Missing/incomplete data

Among 236 patients, 4 had missing baseline NIHSS, 5 missing prior anticoagulation history, 6 missing prior smoking history, 6 prior atrial fibrillation history, 1 missing prior hypertension and prior dyslipidemia history, 14 missing 24-hour NIHSS, and 13 missing 90-day mRS. We imputed the missing NIHSS baseline values with the group median from the remaining available data and imputed “no” for missing binary variables. The 13 missing values for 90-day mRS were again imputed with the median of the remaining available data. Because all missing mRS scores were in the EVT group, we performed additional sensitivity analysis assuming that the missing 90-day mRS values indicated that the person did not reach a favorable outcome and was disabled or dead (i.e., worst-case scenario), did achieve a favorable outcome (i.e., best-case scenario), and omitted cases with missing mRS scores. For the 14 missing values of 24-hour NIHSS (all but 1 from the EVT group), we assumed that the patients had neurologic deterioration (i.e., worst-case scenario).

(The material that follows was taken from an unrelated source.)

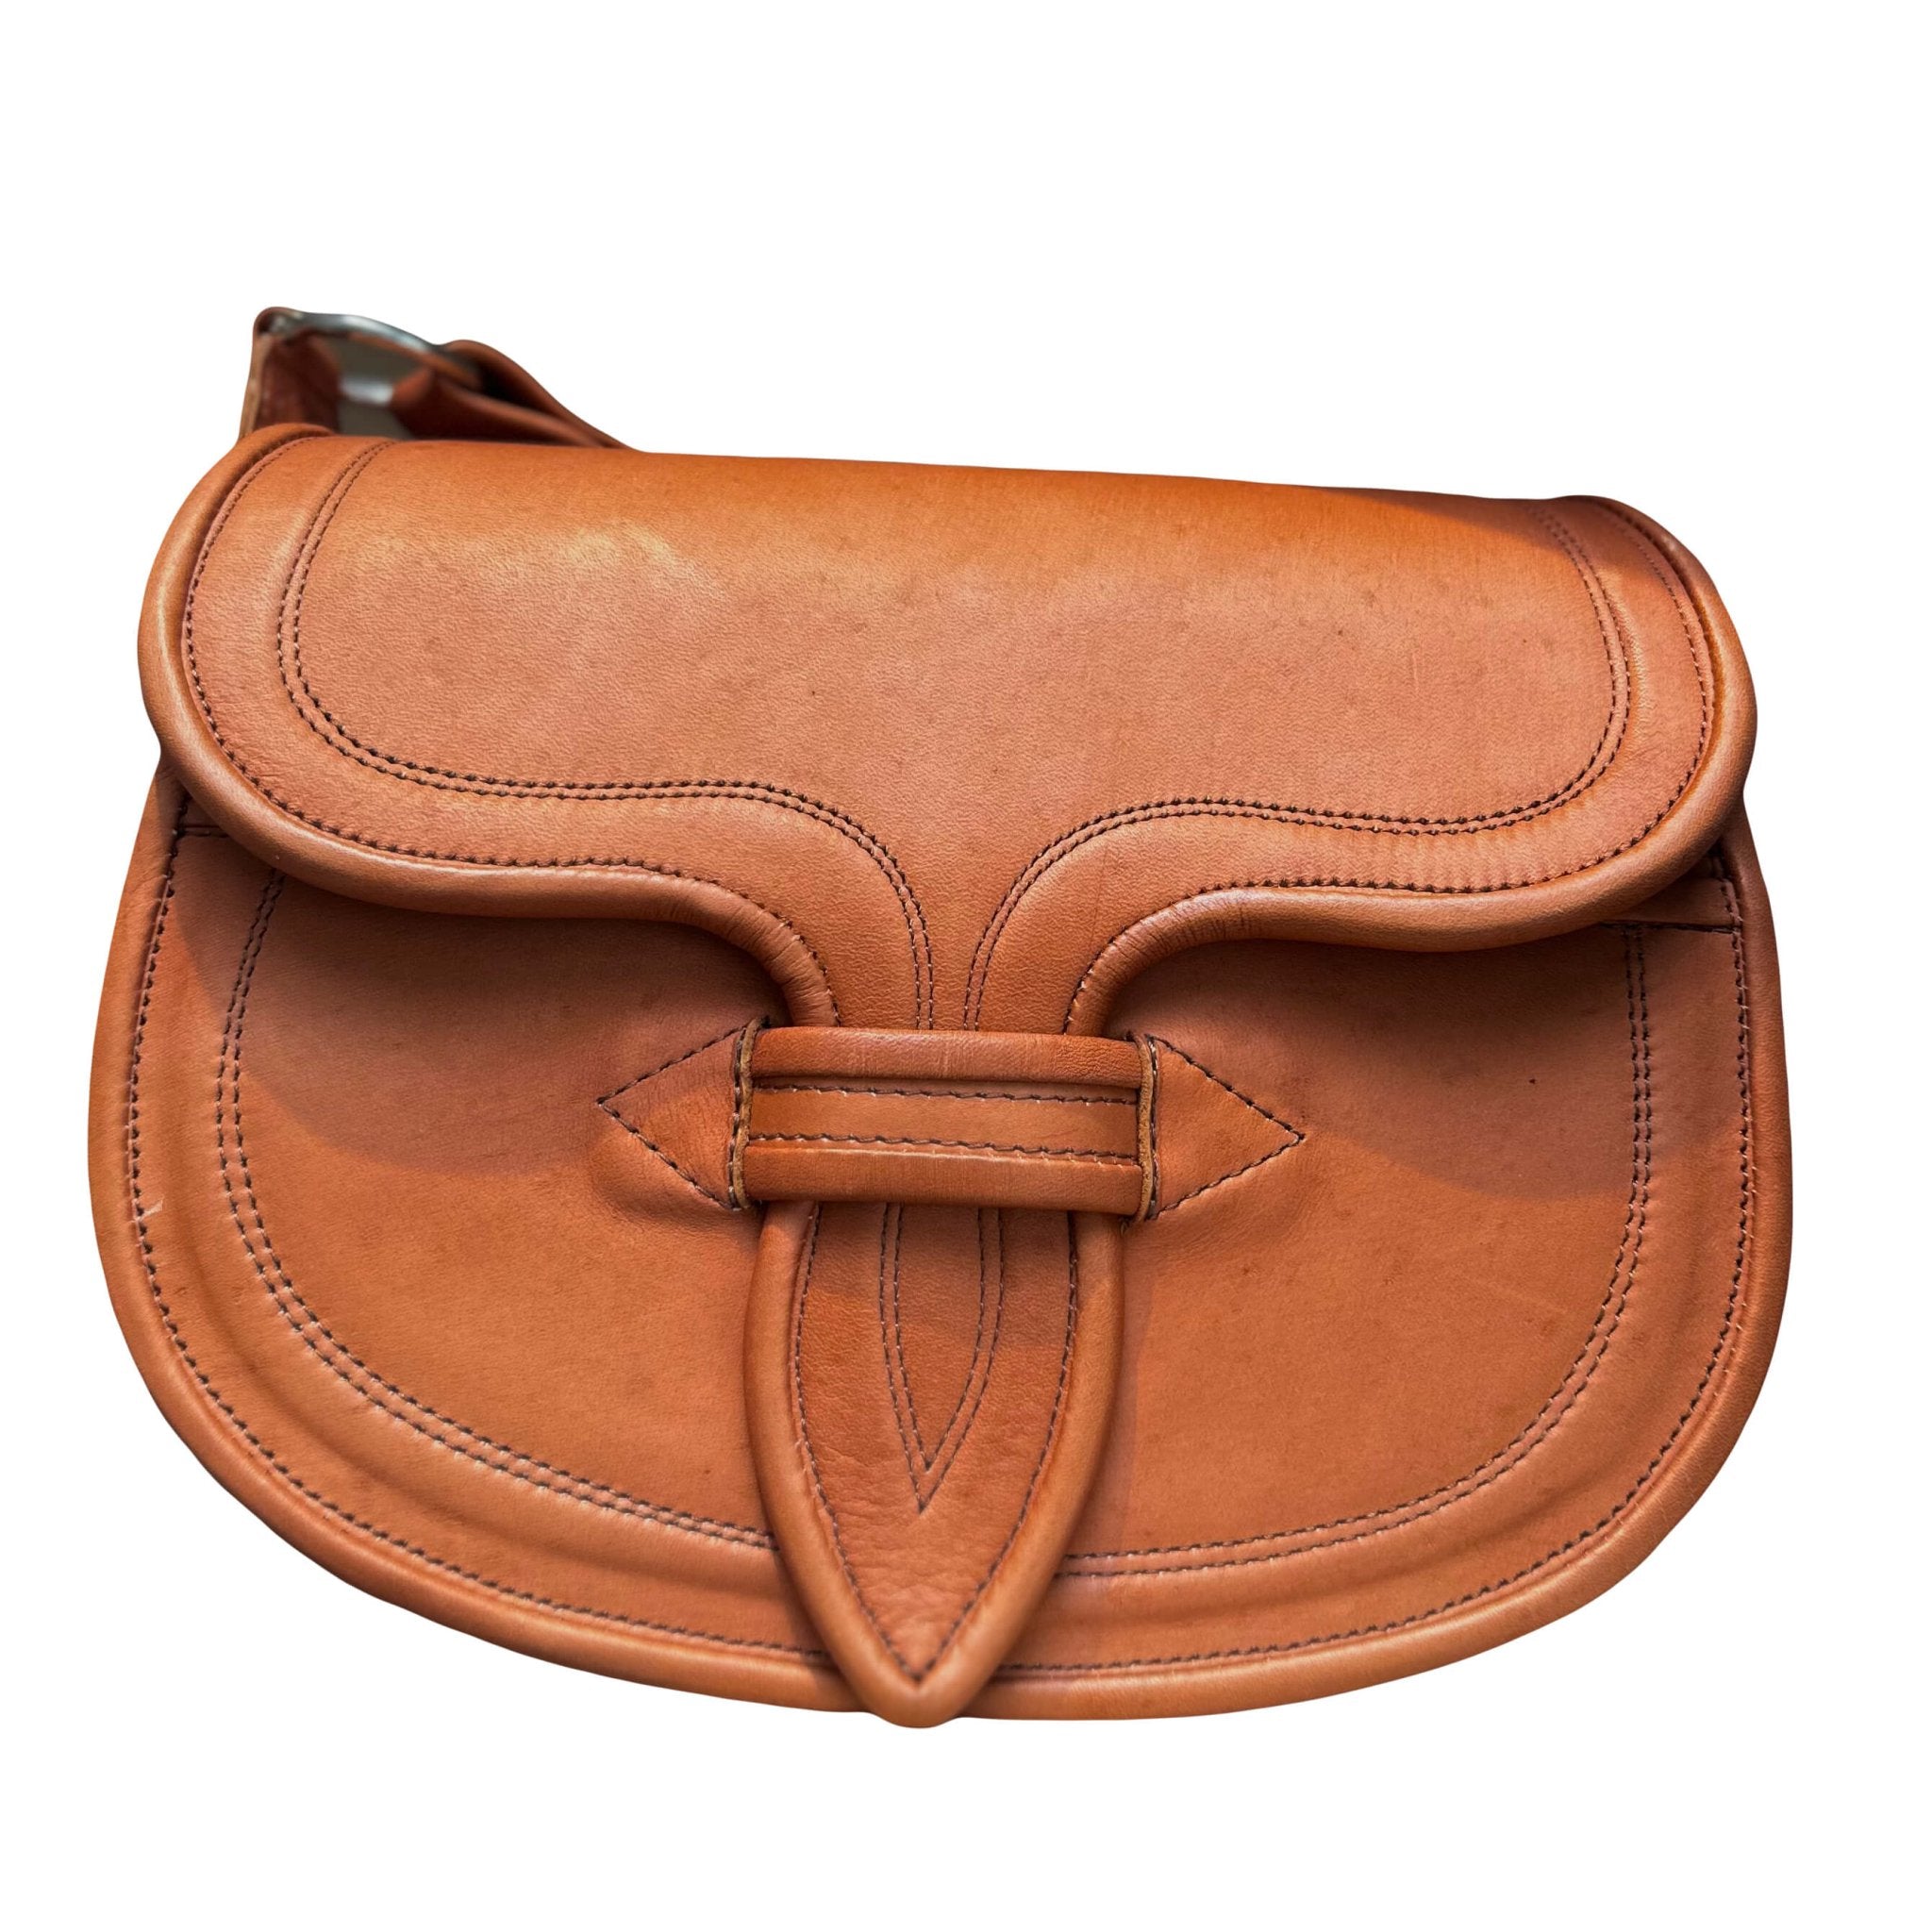 Oversized carriel crossbody bag in camel. It is a semi round bag with intricate stitching. It is displayed over a white background.

Data about intracranial hemorrhages were missing and unverifiable in the SITS-TBY registry and thus could not be analyzed in our study. Because the SITS-TBY registry is a study of implementation of thrombectomy in routine clinical practice, it was not mandated that time metrics were being collected. Onset-to-treatment times were thus not available for our analysis.

Statistical analysis

Standard descriptive statistics were used to measure central tendency and variability of baseline characteristics. Ordinal/continuous variables were compared by the Mann-Whitney test or t test based on their distribution. Categorical variables were compared using the Fisher exact test.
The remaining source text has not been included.